## WORK ORDER
This task requires every entry to be set down again exactly.

· · · ·

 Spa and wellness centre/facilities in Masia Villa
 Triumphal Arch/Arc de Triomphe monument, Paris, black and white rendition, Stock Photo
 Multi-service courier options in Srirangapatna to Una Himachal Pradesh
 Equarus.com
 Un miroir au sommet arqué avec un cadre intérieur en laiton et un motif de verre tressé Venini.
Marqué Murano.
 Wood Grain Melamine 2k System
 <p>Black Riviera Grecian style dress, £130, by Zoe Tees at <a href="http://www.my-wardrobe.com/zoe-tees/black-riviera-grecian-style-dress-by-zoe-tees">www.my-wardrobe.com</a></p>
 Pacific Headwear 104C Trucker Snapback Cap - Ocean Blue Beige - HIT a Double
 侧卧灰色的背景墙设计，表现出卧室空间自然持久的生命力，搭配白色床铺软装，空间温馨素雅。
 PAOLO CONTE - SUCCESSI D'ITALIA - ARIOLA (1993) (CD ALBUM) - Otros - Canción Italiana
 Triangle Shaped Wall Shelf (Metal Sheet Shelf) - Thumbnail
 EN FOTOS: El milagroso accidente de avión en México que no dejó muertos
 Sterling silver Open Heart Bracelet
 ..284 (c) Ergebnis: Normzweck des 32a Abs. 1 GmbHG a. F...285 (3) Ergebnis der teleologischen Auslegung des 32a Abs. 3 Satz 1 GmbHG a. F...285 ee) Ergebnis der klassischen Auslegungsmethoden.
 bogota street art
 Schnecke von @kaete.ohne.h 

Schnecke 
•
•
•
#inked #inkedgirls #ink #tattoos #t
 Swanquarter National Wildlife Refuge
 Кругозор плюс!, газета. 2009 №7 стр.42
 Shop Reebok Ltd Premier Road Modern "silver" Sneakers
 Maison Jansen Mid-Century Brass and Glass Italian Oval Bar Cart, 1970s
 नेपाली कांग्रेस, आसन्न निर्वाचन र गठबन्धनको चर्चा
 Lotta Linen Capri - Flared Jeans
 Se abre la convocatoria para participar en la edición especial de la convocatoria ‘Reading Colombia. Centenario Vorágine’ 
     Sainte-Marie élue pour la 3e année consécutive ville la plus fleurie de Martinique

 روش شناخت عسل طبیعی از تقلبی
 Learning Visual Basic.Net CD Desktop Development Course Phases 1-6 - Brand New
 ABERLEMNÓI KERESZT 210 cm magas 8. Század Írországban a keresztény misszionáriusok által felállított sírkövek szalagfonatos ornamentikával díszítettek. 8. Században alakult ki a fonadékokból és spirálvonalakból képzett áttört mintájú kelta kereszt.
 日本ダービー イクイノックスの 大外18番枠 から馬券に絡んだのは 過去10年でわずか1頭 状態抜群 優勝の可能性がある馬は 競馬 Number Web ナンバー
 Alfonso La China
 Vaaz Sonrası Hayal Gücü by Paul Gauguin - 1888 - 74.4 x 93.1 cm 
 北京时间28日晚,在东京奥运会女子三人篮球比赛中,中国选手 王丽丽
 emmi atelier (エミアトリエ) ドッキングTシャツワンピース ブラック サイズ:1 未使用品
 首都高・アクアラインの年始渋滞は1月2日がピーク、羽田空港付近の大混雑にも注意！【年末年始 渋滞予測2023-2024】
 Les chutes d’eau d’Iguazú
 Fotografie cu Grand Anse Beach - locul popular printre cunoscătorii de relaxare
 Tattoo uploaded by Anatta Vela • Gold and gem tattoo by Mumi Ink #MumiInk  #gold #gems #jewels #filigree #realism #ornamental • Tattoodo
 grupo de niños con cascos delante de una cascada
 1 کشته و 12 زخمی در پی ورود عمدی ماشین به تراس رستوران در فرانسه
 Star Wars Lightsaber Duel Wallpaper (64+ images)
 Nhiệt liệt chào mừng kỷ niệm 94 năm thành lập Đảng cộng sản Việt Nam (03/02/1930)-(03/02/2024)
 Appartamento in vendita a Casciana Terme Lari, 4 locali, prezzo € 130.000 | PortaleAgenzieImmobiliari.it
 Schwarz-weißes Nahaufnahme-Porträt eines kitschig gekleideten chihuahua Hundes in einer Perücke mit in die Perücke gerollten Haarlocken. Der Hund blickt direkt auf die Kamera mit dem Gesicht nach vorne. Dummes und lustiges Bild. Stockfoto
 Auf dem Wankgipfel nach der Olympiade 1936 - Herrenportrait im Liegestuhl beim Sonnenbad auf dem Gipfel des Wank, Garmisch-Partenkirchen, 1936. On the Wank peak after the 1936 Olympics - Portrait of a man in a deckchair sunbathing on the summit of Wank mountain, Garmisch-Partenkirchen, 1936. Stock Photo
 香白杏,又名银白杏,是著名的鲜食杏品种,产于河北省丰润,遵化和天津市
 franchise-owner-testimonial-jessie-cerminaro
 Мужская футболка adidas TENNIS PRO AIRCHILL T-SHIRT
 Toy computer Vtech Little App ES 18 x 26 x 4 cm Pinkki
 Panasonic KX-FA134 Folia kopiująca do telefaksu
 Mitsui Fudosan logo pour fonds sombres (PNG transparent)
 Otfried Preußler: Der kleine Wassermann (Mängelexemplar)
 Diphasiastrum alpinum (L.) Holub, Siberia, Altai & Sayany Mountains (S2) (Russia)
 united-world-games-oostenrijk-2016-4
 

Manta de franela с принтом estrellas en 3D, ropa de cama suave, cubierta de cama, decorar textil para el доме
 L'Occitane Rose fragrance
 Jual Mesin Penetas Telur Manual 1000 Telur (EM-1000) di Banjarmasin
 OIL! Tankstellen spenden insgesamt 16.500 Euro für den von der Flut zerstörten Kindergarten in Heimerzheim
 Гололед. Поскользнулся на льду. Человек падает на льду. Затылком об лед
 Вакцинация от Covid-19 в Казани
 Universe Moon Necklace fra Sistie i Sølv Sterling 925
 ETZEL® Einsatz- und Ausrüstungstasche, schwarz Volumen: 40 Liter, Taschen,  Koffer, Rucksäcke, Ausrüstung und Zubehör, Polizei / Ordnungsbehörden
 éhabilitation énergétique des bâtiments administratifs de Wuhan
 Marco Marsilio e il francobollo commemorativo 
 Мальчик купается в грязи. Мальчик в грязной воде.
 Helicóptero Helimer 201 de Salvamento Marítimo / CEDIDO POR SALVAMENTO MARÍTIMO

· · · ·

## RESPONSE TO THIS TASK
 Spa and wellness centre/facilities in Masia Villa
 Triumphal Arch/Arc de Triomphe monument, Paris, black and white rendition, Stock Photo
 Multi-service courier options in Srirangapatna to Una Himachal Pradesh
 Equarus.com
 Un miroir au sommet arqué avec un cadre intérieur en laiton et un motif de verre tressé Venini.
Marqué Murano.
 Wood Grain Melamine 2k System
 <p>Black Riviera Grecian style dress, £130, by Zoe Tees at <a href="http://www.my-wardrobe.com/zoe-tees/black-riviera-grecian-style-dress-by-zoe-tees">www.my-wardrobe.com</a></p>
 Pacific Headwear 104C Trucker Snapback Cap - Ocean Blue Beige - HIT a Double
 侧卧灰色的背景墙设计，表现出卧室空间自然持久的生命力，搭配白色床铺软装，空间温馨素雅。
 PAOLO CONTE - SUCCESSI D'ITALIA - ARIOLA (1993) (CD ALBUM) - Otros - Canción Italiana
 Triangle Shaped Wall Shelf (Metal Sheet Shelf) - Thumbnail
 EN FOTOS: El milagroso accidente de avión en México que no dejó muertos
 Sterling silver Open Heart Bracelet
 ..284 (c) Ergebnis: Normzweck des 32a Abs. 1 GmbHG a. F...285 (3) Ergebnis der teleologischen Auslegung des 32a Abs. 3 Satz 1 GmbHG a. F...285 ee) Ergebnis der klassischen Auslegungsmethoden.
 bogota street art
 Schnecke von @kaete.ohne.h 

Schnecke 
•
•
•
#inked #inkedgirls #ink #tattoos #t
 Swanquarter National Wildlife Refuge
 Кругозор плюс!, газета. 2009 №7 стр.42
 Shop Reebok Ltd Premier Road Modern "silver" Sneakers
 Maison Jansen Mid-Century Brass and Glass Italian Oval Bar Cart, 1970s
 नेपाली कांग्रेस, आसन्न निर्वाचन र गठबन्धनको चर्चा
 Lotta Linen Capri - Flared Jeans
 Se abre la convocatoria para participar en la edición especial de la convocatoria ‘Reading Colombia. Centenario Vorágine’ 
     Sainte-Marie élue pour la 3e année consécutive ville la plus fleurie de Martinique

 روش شناخت عسل طبیعی از تقلبی
 Learning Visual Basic.Net CD Desktop Development Course Phases 1-6 - Brand New
 ABERLEMNÓI KERESZT 210 cm magas 8. Század Írországban a keresztény misszionáriusok által felállított sírkövek szalagfonatos ornamentikával díszítettek. 8. Században alakult ki a fonadékokból és spirálvonalakból képzett áttört mintájú kelta kereszt.
 日本ダービー イクイノックスの 大外18番枠 から馬券に絡んだのは 過去10年でわずか1頭 状態抜群 優勝の可能性がある馬は 競馬 Number Web ナンバー
 Alfonso La China
 Vaaz Sonrası Hayal Gücü by Paul Gauguin - 1888 - 74.4 x 93.1 cm 
 北京时间28日晚,在东京奥运会女子三人篮球比赛中,中国选手 王丽丽
 emmi atelier (エミアトリエ) ドッキングTシャツワンピース ブラック サイズ:1 未使用品
 首都高・アクアラインの年始渋滞は1月2日がピーク、羽田空港付近の大混雑にも注意！【年末年始 渋滞予測2023-2024】
 Les chutes d’eau d’Iguazú
 Fotografie cu Grand Anse Beach - locul popular printre cunoscătorii de relaxare
 Tattoo uploaded by Anatta Vela • Gold and gem tattoo by Mumi Ink #MumiInk  #gold #gems #jewels #filigree #realism #ornamental • Tattoodo
 grupo de niños con cascos delante de una cascada
 1 کشته و 12 زخمی در پی ورود عمدی ماشین به تراس رستوران در فرانسه
 Star Wars Lightsaber Duel Wallpaper (64+ images)
 Nhiệt liệt chào mừng kỷ niệm 94 năm thành lập Đảng cộng sản Việt Nam (03/02/1930)-(03/02/2024)
 Appartamento in vendita a Casciana Terme Lari, 4 locali, prezzo € 130.000 | PortaleAgenzieImmobiliari.it
 Schwarz-weißes Nahaufnahme-Porträt eines kitschig gekleideten chihuahua Hundes in einer Perücke mit in die Perücke gerollten Haarlocken. Der Hund blickt direkt auf die Kamera mit dem Gesicht nach vorne. Dummes und lustiges Bild. Stockfoto
 Auf dem Wankgipfel nach der Olympiade 1936 - Herrenportrait im Liegestuhl beim Sonnenbad auf dem Gipfel des Wank, Garmisch-Partenkirchen, 1936. On the Wank peak after the 1936 Olympics - Portrait of a man in a deckchair sunbathing on the summit of Wank mountain, Garmisch-Partenkirchen, 1936. Stock Photo
 香白杏,又名银白杏,是著名的鲜食杏品种,产于河北省丰润,遵化和天津市
 franchise-owner-testimonial-jessie-cerminaro
 Мужская футболка adidas TENNIS PRO AIRCHILL T-SHIRT
 Toy computer Vtech Little App ES 18 x 26 x 4 cm Pinkki
 Panasonic KX-FA134 Folia kopiująca do telefaksu
 Mitsui Fudosan logo pour fonds sombres (PNG transparent)
 Otfried Preußler: Der kleine Wassermann (Mängelexemplar)
 Diphasiastrum alpinum (L.) Holub, Siberia, Altai & Sayany Mountains (S2) (Russia)
 united-world-games-oostenrijk-2016-4
 

Manta de franela с принтом estrellas en 3D, ropa de cama suave, cubierta de cama, decorar textil para el доме
 L'Occitane Rose fragrance
 Jual Mesin Penetas Telur Manual 1000 Telur (EM-1000) di Banjarmasin
 OIL! Tankstellen spenden insgesamt 16.500 Euro für den von der Flut zerstörten Kindergarten in Heimerzheim
 Гололед. Поскользнулся на льду. Человек падает на льду. Затылком об лед
 Вакцинация от Covid-19 в Казани
 Universe Moon Necklace fra Sistie i Sølv Sterling 925
 ETZEL® Einsatz- und Ausrüstungstasche, schwarz Volumen: 40 Liter, Taschen,  Koffer, Rucksäcke, Ausrüstung und Zubehör, Polizei / Ordnungsbehörden
 éhabilitation énergétique des bâtiments administratifs de Wuhan
 Marco Marsilio e il francobollo commemorativo 
 Мальчик купается в грязи. Мальчик в грязной воде.
 Helicóptero Helimer 201 de Salvamento Marítimo / CEDIDO POR SALVAMENTO MARÍTIMO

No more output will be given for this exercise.